Fighter Pilot Turned Celebrity Quadriplegic

I can expect no more mails from the man who made the id mp.aeronaut@gmail.com famous across the country, through various strata of society. The pilot extraordinaire of the Indian Air Force whose real fighting days started at the age of 24, after turning a quadriplegic, succumbed on Tuesday to the deadliest foe that he faced, just two weeks after he turned 50. Cancer did what the deadly accident that left him immobile from chest downwards could not do. M P Anil Kumar, fondly called the wheelchair warrior, as he authored many a feted article by painstakingly working away at the keyboard with a mouth-held stick, will continue to inspire many for the indomitable spirit he showed while facing the worst possible setbacks in life.

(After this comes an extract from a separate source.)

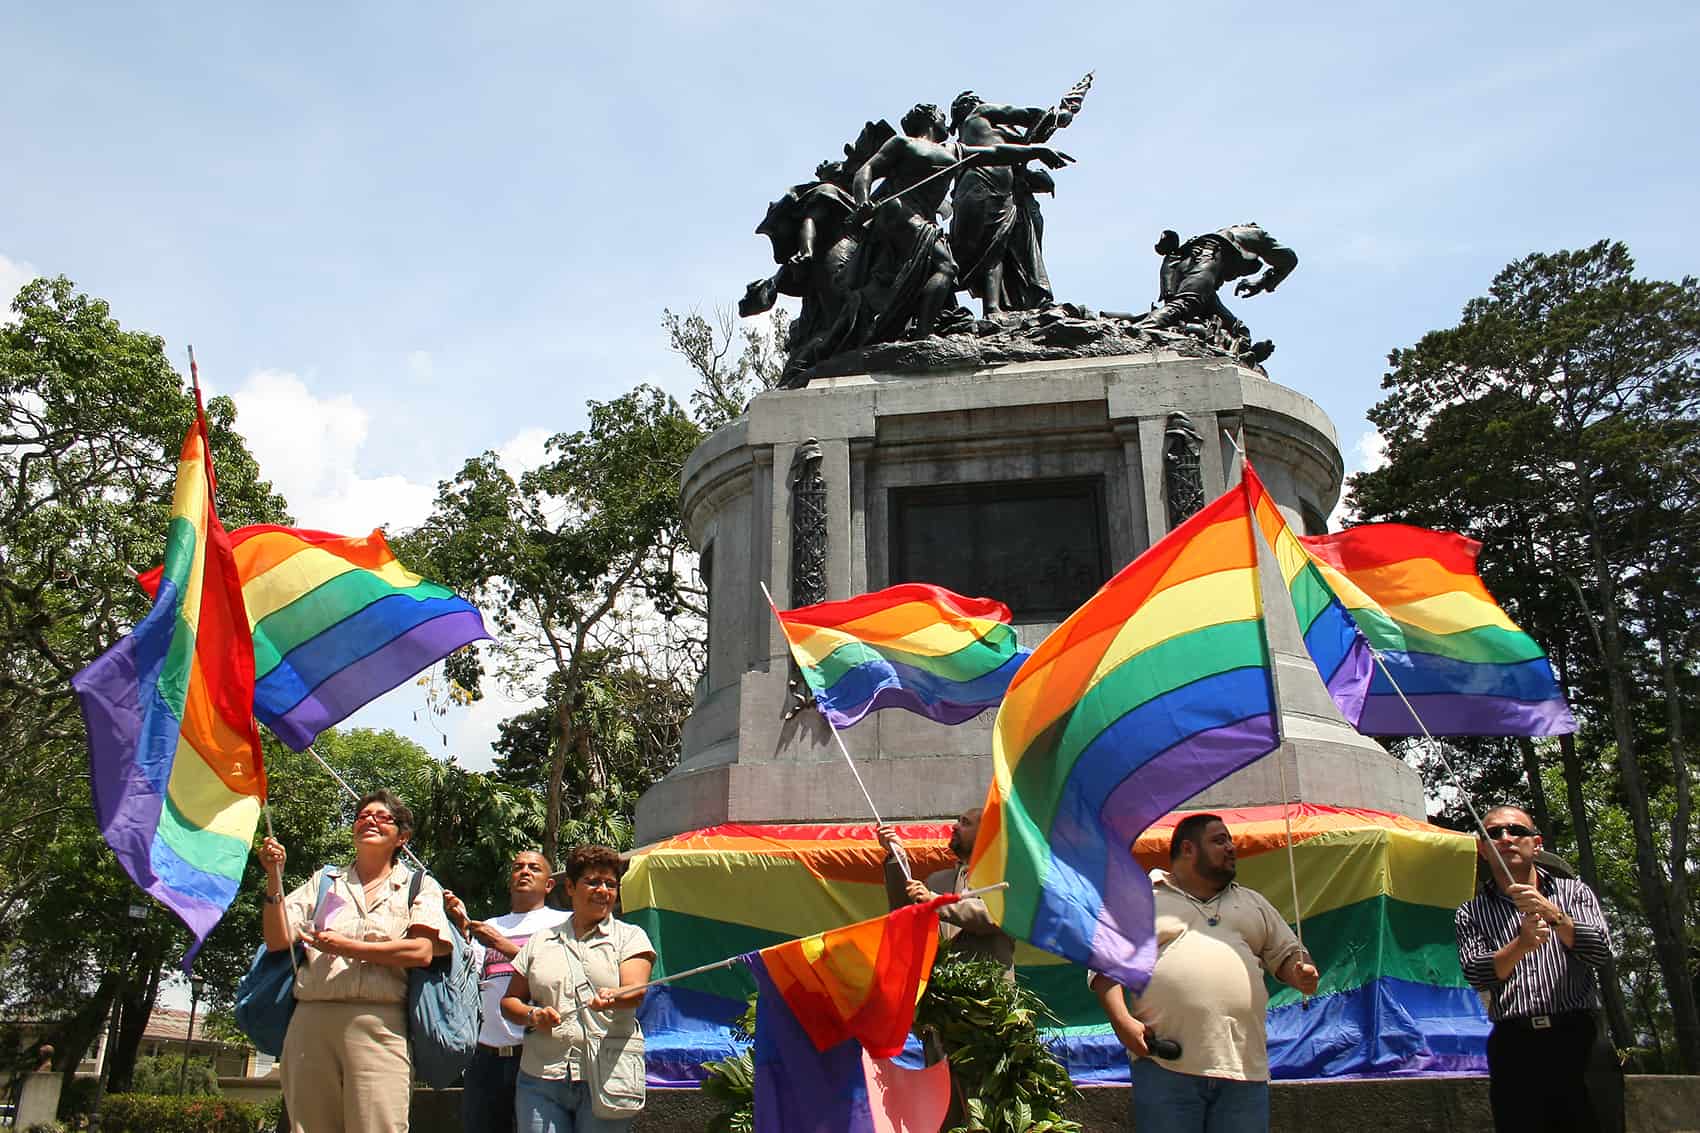 Costa Rican Schools To Observe National Day Against Homophobia The Tico Times Costa Rica
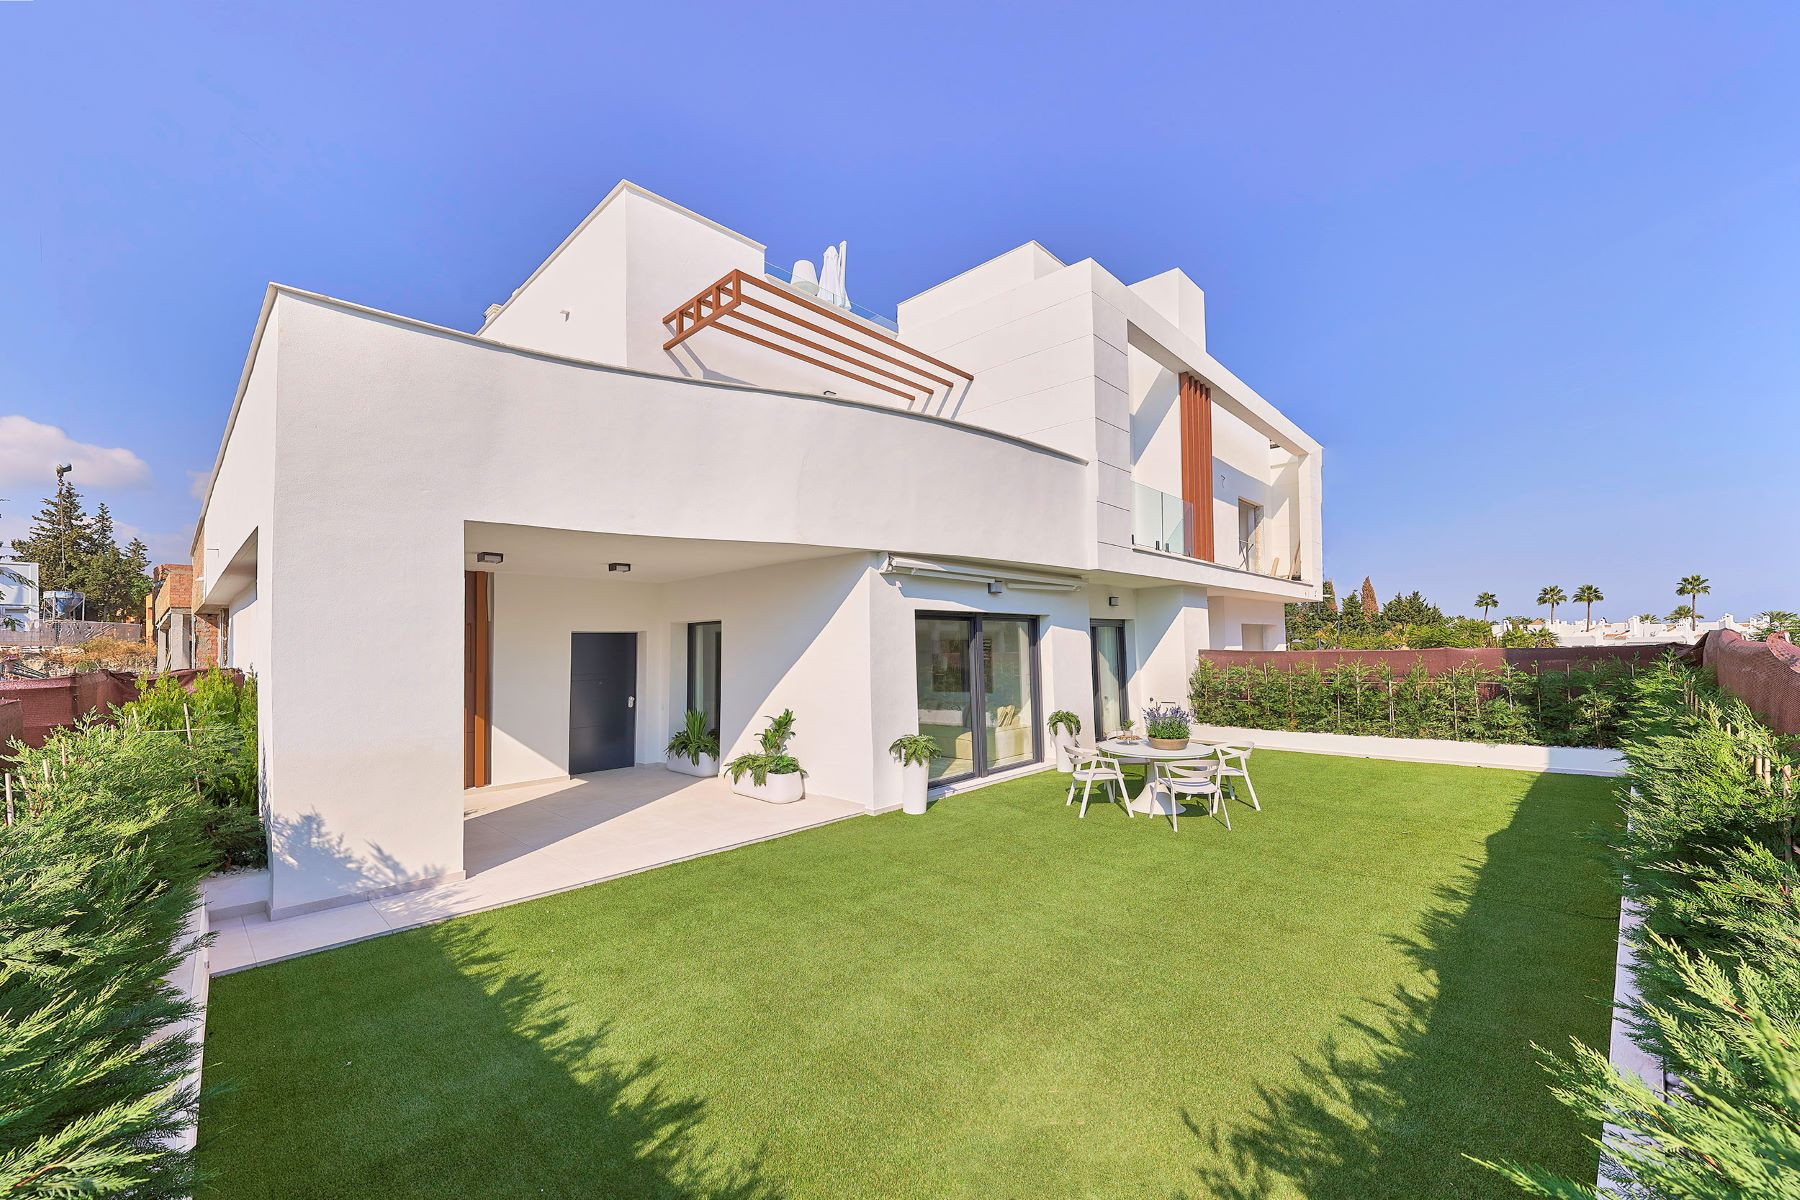 New development of contemporary townhouses in Cancelada - New Golden Mile

It was only on Monday that I had the first inkling that things were taking a turn for the worse after a mail from K S Haridas Nair, who described himself as “a friend of M P and his batch mate at Sainik School Kazhakoottam, Kerala”.

He went on to narrate why Anil had not been sending mails for a few months as he had not been keeping well and then said M P was diagnosed with acute myeloid leukaemia last month. Given his quadriplegic condition, the deterioration was quick. And a day later came a friend’s telephone call that Anil was no more.

On Wednesday, the mortal remains of this man who stood apart by fighting whatever life threw at him by way of challenges, with a lion’s heart, will be confined to flames. M P, thus, will become part of folklore.

I met you, Anil, only a couple of times, both times in your small room in (Paraplegic Rehabilitation Centre) PRC, Khadki. You put me at ease about your quadriplegic condition with a casual but sharp comment about the need to interact with you as I would with anybody else. You gave me information on what happens in newsrooms, as you came to familiarise yourself with them as the occasional edit page writer and sounded philosophical when some of the “heavyweight” editors started playing truant about publishing what you wrote. It was no easy life, the last 26 years, as your interactions with the outside world were mostly limited to the ether space, even as you watched other wheelchair-bound paraplegics at the rehab centre play basketball. The frustration of it all sometimes came through in the mail even as you stoically fought to be the epitome of calm in the sea of turbulence that marked much of your life.

I remember how you savoured an outing with some of your friends though it left you exhausted. That was many years ago.

I recall you also had an Onam sadya with some of your Kerala friends. Those snatches of conversation will now remain in my memory. How I wish I could have come and met you before leaving Pune in 2011. But that was not to be. I came to the PRC, Khadki, in 2007 to interact with the doctors about setting up a computer centre and if I left the place many hours later a better human being, it can only be attributed to my feeble efforts to fathom the persona of M P Anil Kumar. May Your Soul Rest in Peace.